Fifty-seven percent of respondents increased capacity because they added new products to their line (about 72% of those were
products developed internally), and 52% increased production of an existing product. Approximately 18% of respondents acquired
a company with a biomanufacturing program, and an equal number in-licensed a biopharmaceutical product that necessitated a
capacity increase. Among those who decreased their capacity, 31% decreased production of an existing product, and an equal
number outsourced production of a product that had previously been manufactured in house.
Therapeutic proteins other than monoclonal antibodies (mAbs) continue to constitute the largest product class, produced by
51% of respondents, followed by monoclonal antibodies (45%), and vaccines (29%). These percentages reflect some interesting
changes from last year's product mix. The percentage of respondents involved in monoclonal antibody production is up slightly,
about five percent over last year, while vaccine manufacturing is down about seven percent. The percentage of respondents
involved in nucleic acid products remained virtually unchanged—14% this year, versus 12% last year, while there was a slight
uptick in the number of respondents producing cells for cell and tissue therapies, 14% this year compared with 10% last year.

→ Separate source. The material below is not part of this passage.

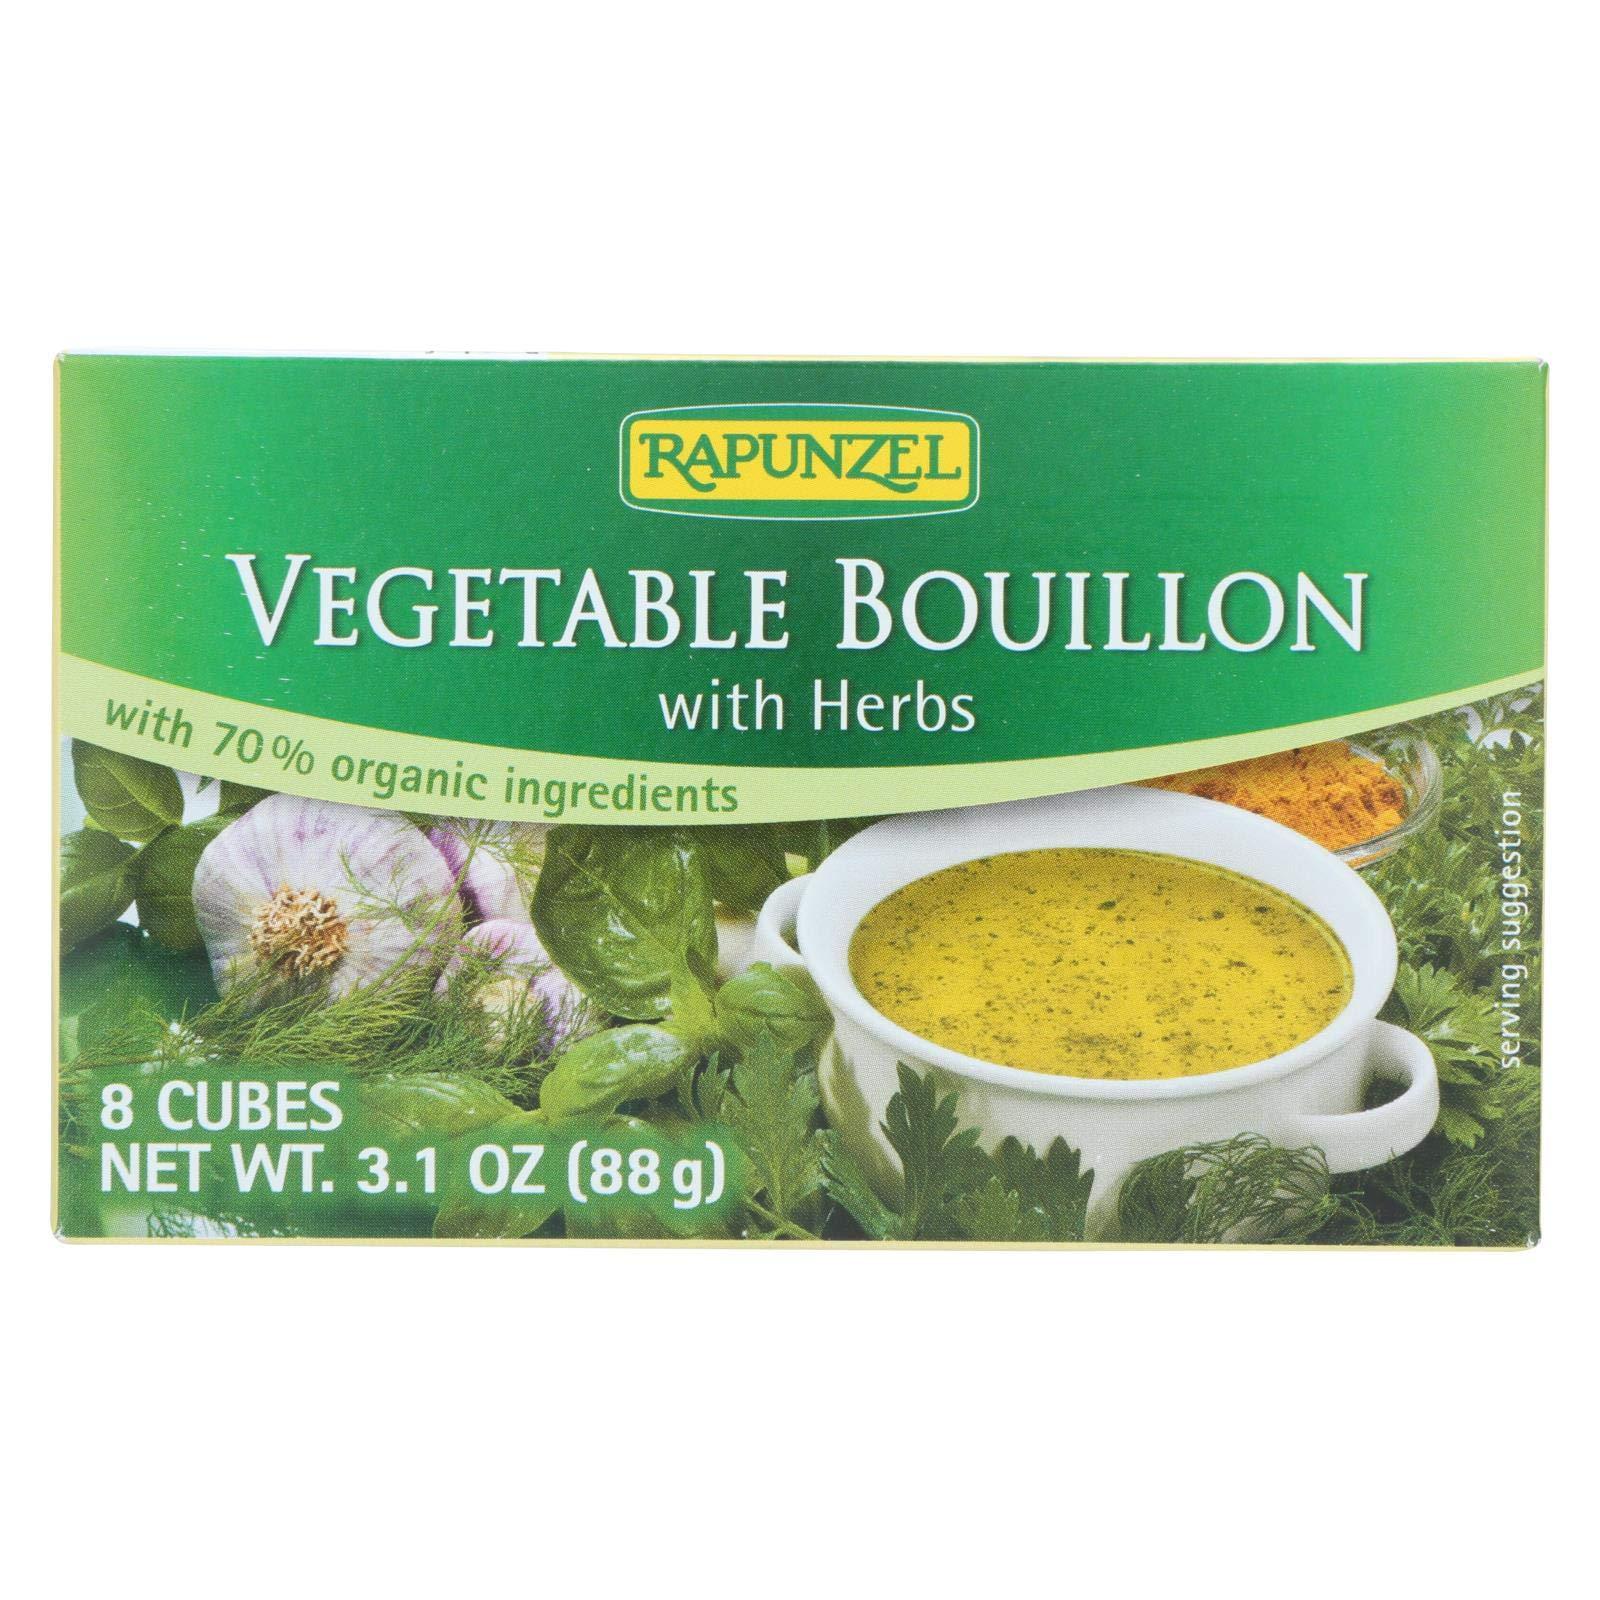 Rapunzel Bouillon Cubes - Vegetable - Vegan - Sea Salt And Herbs - 3.10 Oz - Case Of 12 3.10 OZ by Rapunzel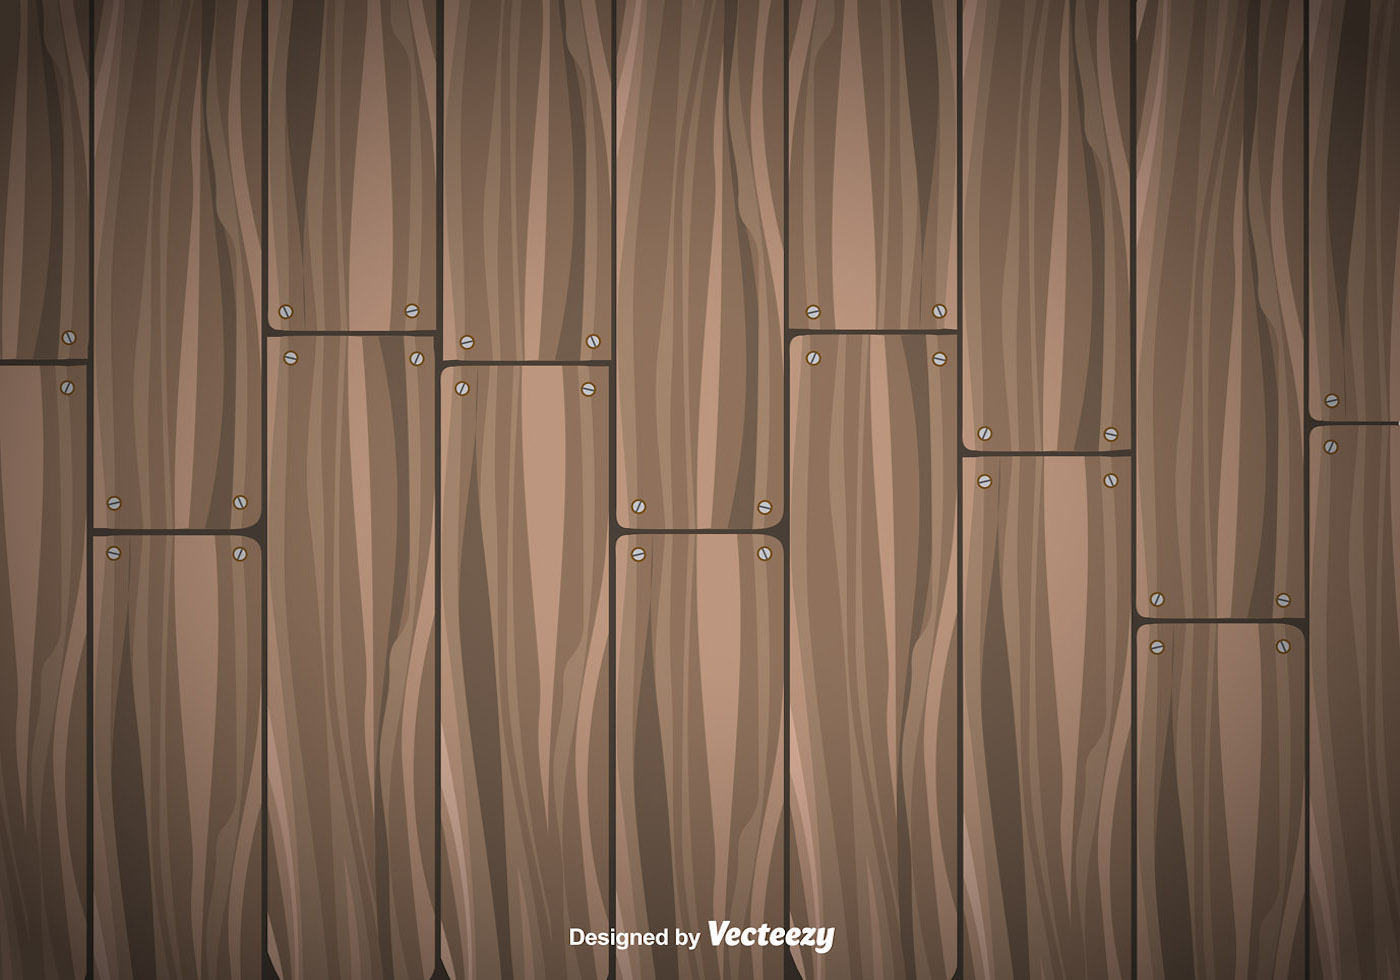 Wooden Planks Vector Background Download Free Vector Art

Forty-five percent of respondents say their companies plan to produce follow-on biologics, up slightly from last year's 41%.
The remainder either will not (21%) or don't know (34%). Eleven percent of respondents say their companies produce only follow-on
biologics right now, while 23% say they produce both follow-on and branded products.
Production challenges
Figure 2: What kind of equipment do yo uhave in your biopharmaceutical manufacturing facility right now?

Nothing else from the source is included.